═══ ENTRIES SHOWN

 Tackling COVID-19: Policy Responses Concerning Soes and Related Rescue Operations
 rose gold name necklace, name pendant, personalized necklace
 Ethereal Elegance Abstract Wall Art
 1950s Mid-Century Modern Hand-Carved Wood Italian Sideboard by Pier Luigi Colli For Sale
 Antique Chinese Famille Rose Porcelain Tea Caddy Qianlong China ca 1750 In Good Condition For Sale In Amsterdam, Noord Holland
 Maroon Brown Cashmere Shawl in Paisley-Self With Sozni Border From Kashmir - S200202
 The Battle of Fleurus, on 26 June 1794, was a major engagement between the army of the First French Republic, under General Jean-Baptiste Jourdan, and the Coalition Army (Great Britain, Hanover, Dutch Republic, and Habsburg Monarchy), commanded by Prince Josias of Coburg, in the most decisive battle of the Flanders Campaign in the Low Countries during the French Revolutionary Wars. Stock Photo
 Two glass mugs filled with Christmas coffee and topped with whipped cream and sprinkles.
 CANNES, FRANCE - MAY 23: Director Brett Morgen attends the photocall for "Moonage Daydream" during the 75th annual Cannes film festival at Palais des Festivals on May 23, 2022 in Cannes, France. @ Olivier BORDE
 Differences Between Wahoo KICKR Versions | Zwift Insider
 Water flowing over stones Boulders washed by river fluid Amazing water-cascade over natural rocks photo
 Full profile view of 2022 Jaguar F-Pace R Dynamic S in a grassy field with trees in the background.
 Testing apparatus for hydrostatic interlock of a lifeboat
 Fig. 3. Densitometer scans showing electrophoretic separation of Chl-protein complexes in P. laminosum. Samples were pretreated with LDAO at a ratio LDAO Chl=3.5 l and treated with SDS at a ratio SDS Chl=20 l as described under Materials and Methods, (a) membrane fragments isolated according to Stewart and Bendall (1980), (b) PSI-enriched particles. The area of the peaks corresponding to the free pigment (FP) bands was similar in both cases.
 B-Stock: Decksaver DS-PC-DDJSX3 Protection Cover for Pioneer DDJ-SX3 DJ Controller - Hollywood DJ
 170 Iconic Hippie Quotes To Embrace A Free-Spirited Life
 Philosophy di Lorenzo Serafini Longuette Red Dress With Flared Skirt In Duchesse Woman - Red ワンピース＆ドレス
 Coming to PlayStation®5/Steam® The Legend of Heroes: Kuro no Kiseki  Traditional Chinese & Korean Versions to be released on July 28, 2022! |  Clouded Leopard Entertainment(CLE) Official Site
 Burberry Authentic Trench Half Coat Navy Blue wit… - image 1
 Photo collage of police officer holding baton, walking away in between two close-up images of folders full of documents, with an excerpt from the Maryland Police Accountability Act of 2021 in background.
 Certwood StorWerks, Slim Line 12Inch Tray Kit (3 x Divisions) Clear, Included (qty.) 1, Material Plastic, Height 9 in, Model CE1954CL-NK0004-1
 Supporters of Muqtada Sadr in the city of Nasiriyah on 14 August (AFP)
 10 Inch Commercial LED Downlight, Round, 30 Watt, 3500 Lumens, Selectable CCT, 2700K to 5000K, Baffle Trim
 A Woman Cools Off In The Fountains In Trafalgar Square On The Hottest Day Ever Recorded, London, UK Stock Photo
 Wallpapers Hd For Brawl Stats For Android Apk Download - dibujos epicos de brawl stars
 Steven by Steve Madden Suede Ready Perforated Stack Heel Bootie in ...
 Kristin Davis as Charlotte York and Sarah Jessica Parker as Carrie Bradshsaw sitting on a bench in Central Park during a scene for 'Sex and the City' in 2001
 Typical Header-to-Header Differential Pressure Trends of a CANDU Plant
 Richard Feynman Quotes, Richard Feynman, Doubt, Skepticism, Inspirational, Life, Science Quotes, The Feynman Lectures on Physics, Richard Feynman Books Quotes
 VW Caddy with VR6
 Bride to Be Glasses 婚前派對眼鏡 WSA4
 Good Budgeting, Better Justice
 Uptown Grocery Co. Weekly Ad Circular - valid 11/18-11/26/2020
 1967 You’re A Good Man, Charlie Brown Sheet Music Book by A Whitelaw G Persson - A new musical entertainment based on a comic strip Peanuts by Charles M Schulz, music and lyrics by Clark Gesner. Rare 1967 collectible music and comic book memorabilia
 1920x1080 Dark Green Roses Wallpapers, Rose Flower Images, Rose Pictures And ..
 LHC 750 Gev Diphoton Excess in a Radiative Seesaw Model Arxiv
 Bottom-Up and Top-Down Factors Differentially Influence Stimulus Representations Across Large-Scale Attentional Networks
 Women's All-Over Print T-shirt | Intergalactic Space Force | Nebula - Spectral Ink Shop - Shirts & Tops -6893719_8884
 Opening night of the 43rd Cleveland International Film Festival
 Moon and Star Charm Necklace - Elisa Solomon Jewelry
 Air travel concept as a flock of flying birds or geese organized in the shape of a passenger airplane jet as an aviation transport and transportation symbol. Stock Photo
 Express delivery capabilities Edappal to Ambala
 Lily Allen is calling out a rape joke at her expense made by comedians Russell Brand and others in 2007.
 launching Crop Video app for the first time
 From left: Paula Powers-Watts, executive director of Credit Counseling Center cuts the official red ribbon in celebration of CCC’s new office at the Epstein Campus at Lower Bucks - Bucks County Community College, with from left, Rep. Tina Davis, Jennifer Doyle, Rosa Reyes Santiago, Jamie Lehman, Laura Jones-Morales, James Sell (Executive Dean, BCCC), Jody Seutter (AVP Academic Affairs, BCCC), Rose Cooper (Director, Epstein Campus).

══════

Nothing but the lines from the beginning of the records through the line with "Antique Chinese Famille" should appear, each printed exactly.

## FINAL ANSWER:
 Tackling COVID-19: Policy Responses Concerning Soes and Related Rescue Operations
 rose gold name necklace, name pendant, personalized necklace
 Ethereal Elegance Abstract Wall Art
 1950s Mid-Century Modern Hand-Carved Wood Italian Sideboard by Pier Luigi Colli For Sale
 Antique Chinese Famille Rose Porcelain Tea Caddy Qianlong China ca 1750 In Good Condition For Sale In Amsterdam, Noord Holland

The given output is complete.